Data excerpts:
+++++

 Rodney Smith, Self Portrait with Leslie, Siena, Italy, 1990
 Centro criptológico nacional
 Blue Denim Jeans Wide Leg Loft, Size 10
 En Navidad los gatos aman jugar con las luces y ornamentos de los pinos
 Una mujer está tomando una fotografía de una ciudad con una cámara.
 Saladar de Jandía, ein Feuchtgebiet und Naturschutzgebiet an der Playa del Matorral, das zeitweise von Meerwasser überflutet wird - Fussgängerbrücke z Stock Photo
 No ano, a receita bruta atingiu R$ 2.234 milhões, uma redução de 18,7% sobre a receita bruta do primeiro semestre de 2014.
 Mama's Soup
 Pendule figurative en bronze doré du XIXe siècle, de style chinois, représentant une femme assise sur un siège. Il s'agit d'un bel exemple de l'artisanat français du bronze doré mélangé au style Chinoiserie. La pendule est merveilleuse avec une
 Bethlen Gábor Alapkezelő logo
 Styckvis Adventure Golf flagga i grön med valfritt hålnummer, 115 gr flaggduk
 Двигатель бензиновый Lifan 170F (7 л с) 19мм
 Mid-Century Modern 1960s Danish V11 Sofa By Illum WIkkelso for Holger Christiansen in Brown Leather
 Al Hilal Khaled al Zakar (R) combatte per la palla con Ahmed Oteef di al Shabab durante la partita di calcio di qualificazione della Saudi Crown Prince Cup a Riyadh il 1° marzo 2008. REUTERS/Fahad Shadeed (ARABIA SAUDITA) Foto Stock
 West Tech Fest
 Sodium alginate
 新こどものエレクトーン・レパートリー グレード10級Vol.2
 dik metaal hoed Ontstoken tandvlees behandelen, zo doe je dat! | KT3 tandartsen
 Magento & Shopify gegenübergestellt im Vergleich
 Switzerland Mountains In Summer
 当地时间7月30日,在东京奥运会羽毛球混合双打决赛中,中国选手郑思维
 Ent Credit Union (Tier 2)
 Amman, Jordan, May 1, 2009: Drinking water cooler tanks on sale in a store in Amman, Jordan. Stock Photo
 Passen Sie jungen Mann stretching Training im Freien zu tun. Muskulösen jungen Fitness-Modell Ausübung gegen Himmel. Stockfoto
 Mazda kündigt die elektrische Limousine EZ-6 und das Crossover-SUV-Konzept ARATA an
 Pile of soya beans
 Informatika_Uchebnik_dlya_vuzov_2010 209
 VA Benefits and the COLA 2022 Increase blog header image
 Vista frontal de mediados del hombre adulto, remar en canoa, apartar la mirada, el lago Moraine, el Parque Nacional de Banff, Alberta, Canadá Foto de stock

+++++

Take the lines above from the one containing "Двигатель бензиновый Lifan 170F (7 л с) 19мм" down to the one containing "Al Hilal Khaled", and transcribe them exactly, both ends included.

Exercise solution:
 Двигатель бензиновый Lifan 170F (7 л с) 19мм
 Mid-Century Modern 1960s Danish V11 Sofa By Illum WIkkelso for Holger Christiansen in Brown Leather
 Al Hilal Khaled al Zakar (R) combatte per la palla con Ahmed Oteef di al Shabab durante la partita di calcio di qualificazione della Saudi Crown Prince Cup a Riyadh il 1° marzo 2008. REUTERS/Fahad Shadeed (ARABIA SAUDITA) Foto Stock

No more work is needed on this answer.